Дездемона умрёт в понедельник | страница 105



— Еще рано, до трех далеко, — попытался урезонить ее Самоваров.

Настя слушать ничего не хотела:

— Я не могу здесь сидеть и томиться, я побыстрее должна разузнать, кто этот единственный и неповторимый. Шехтман уже в театре, репетирует, и я сразу на него наброшусь. Только приходи поскорей! Сразу после Шухлядкина приходи!

— Чего к нему днем идти? Можно и не застать, — засомневался Самоваров.

— Если это такой любитель красивой жизни, как ты рассказывал, то сейчас самое время его посетить. Вечером уж точно его не будет. Золотая молодежь ведет ночной образ жизни, а днем отсыпается. Вспомни Евгения Онегина! И сейчас ничего не изменилось, только пляшут немного по-другому. Теперь поцелуй меня — бегу.

«Еще не хватало мне к Шухлядкиным ходить! — подумал Самоваров в тот момент, когда за Настей захлопнулась дверь. — Меня что, в самом деле Уксусов нанял? Или отравитель Кучумов? Ни за что! Никаких Шухлядкиных!»
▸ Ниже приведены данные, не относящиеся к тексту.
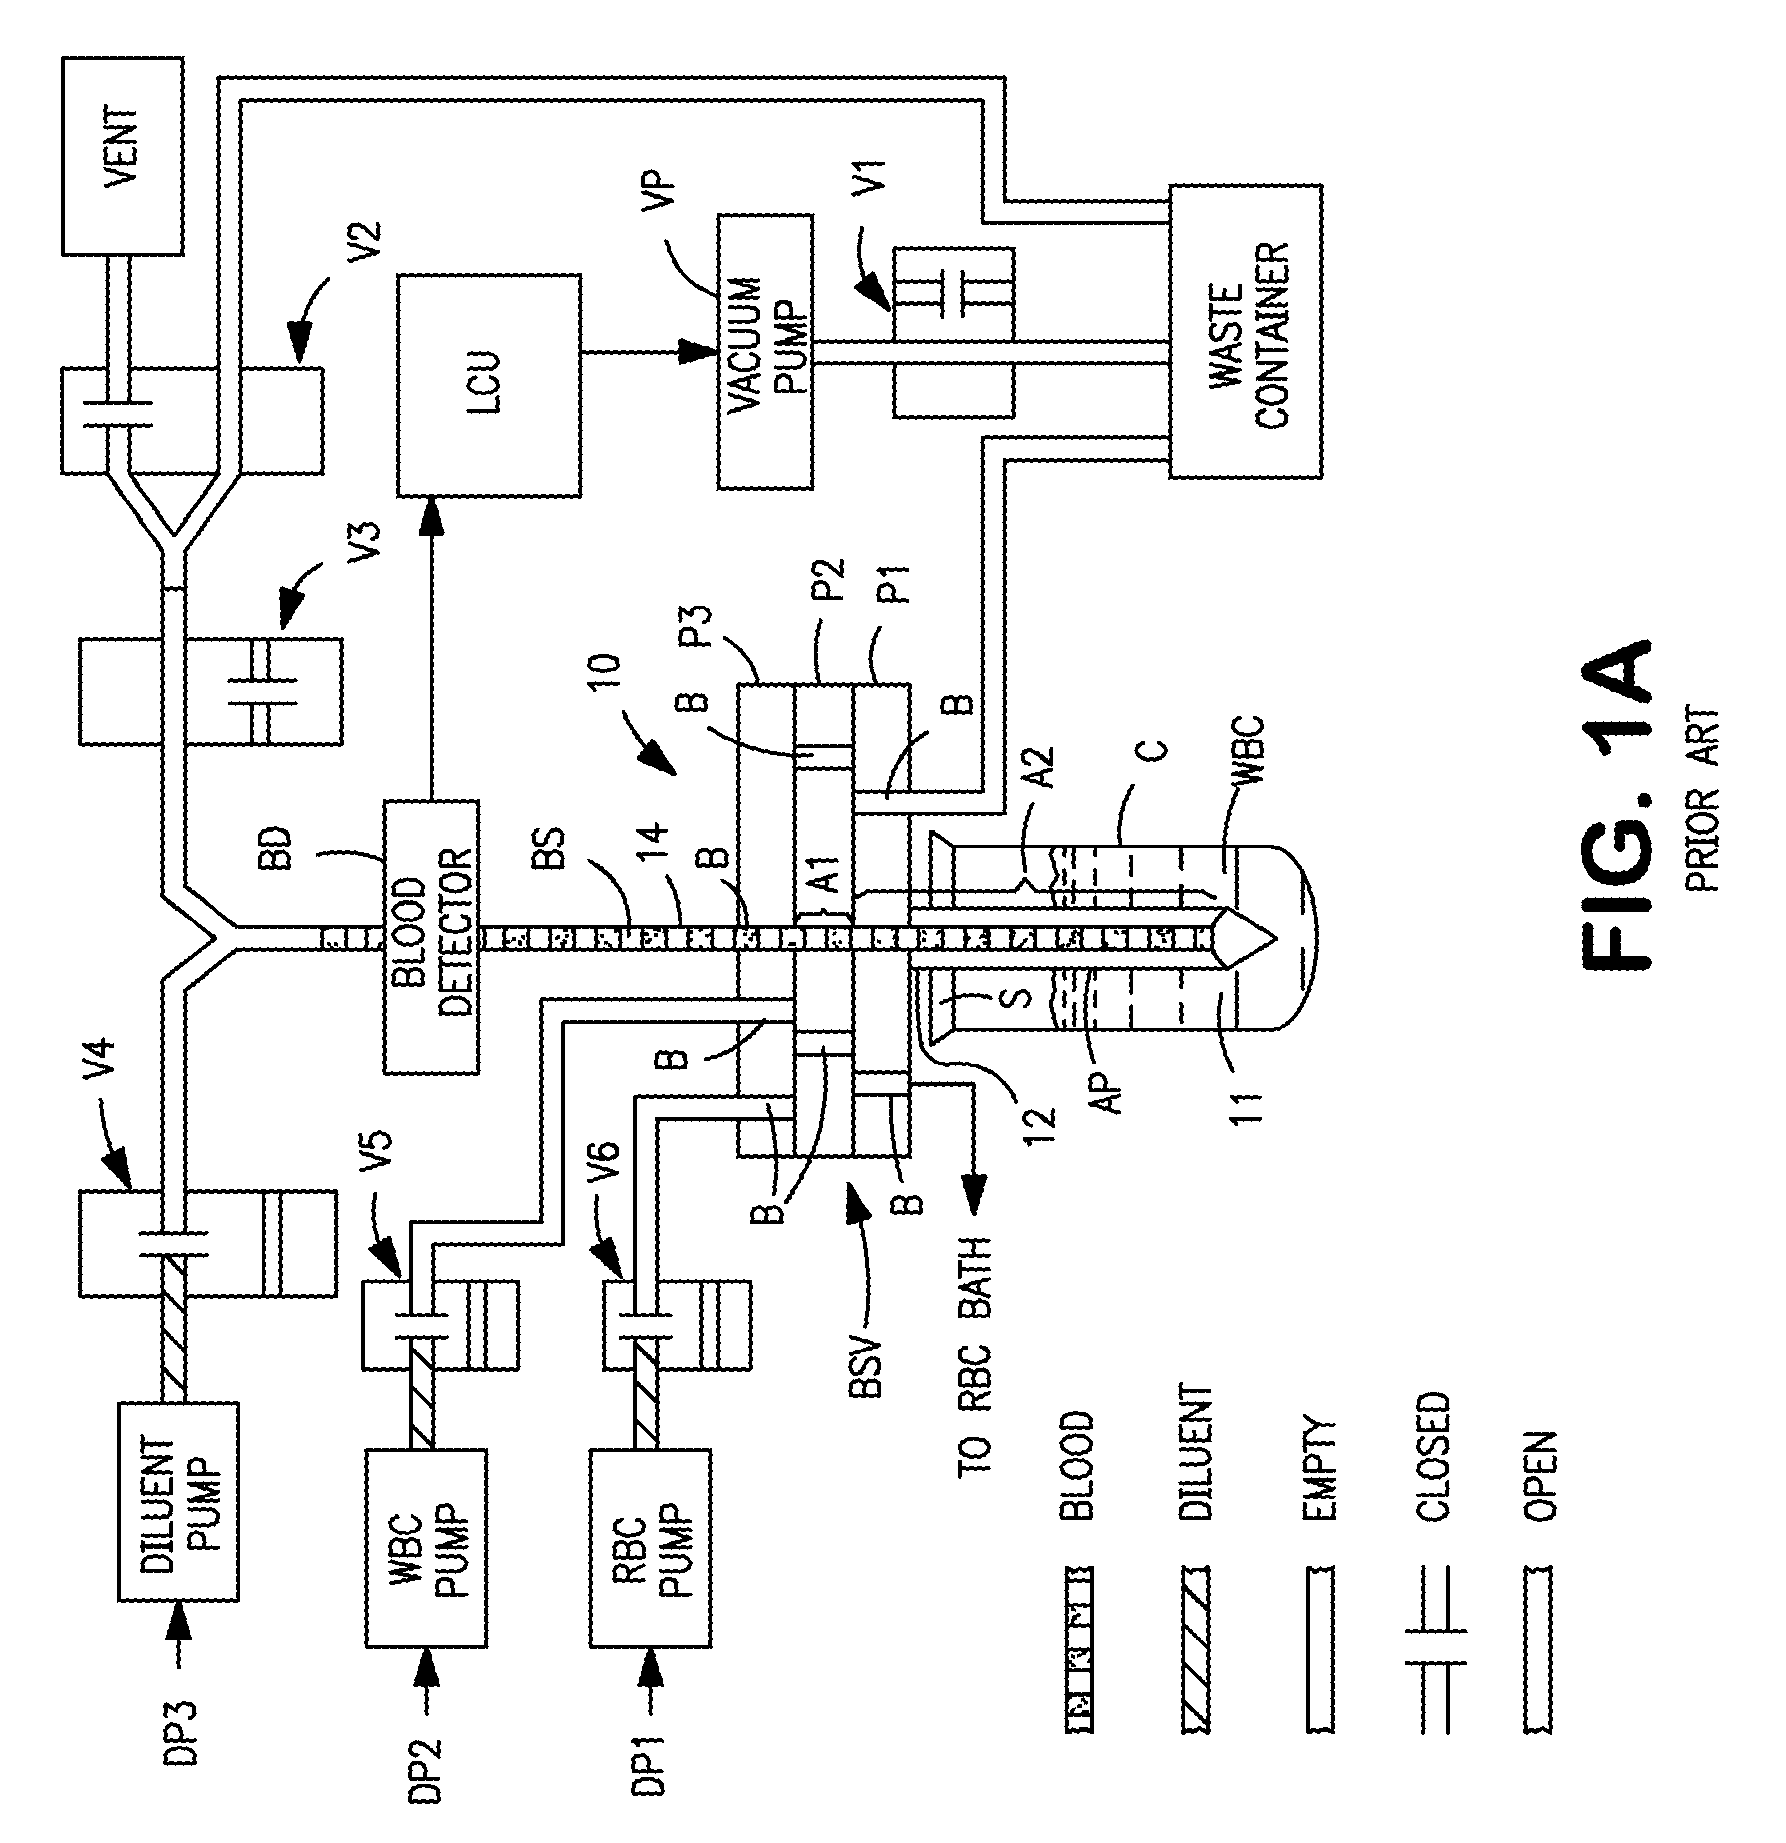 Apparatus for Aspirating and Dispensing Liquids in an Automated Analyzer

Шехтман, оказывается, тоже не был вчера на душераздирающих Таниных похоронах. Насте он обрадовался и, когда она разложила перед ним свои эскизы, одобрительно промычал:

— Это хорошо, очень хорошо. Много лучше Кульковского.

— Ну и комплимент, — обиделась Настя, — уж лучше никакого!

Шехтман улыбнулся через силу:

— Тогда вот вам, дитя, другой комплимент: я с вами сейчас собираюсь работать, а должен быть на больничном. Тяжелое для меня время, на лекарствах живу. И туда вчера не поехал, и сюда — здесь тоже были всякие траурные мероприятия — не пошел. На ее мертвое тело смотреть? Что за варварство! Смерть чересчур страшна. С возрастом она все страшнее становится, потому что уже подозреваешь, что она в тебе гнездится. У меня, например, в сердце. Я уже пытался умереть. А Таня про себя ничего знать не могла, хотя любила говорить: «Умираю»! Например: умираю, до чего солнышка хочется! По-детски?.. Она очень солнце любила, жару и теплый цвет, а ей всегда шили голубые платья. Кульковский ваш лишен фантазии.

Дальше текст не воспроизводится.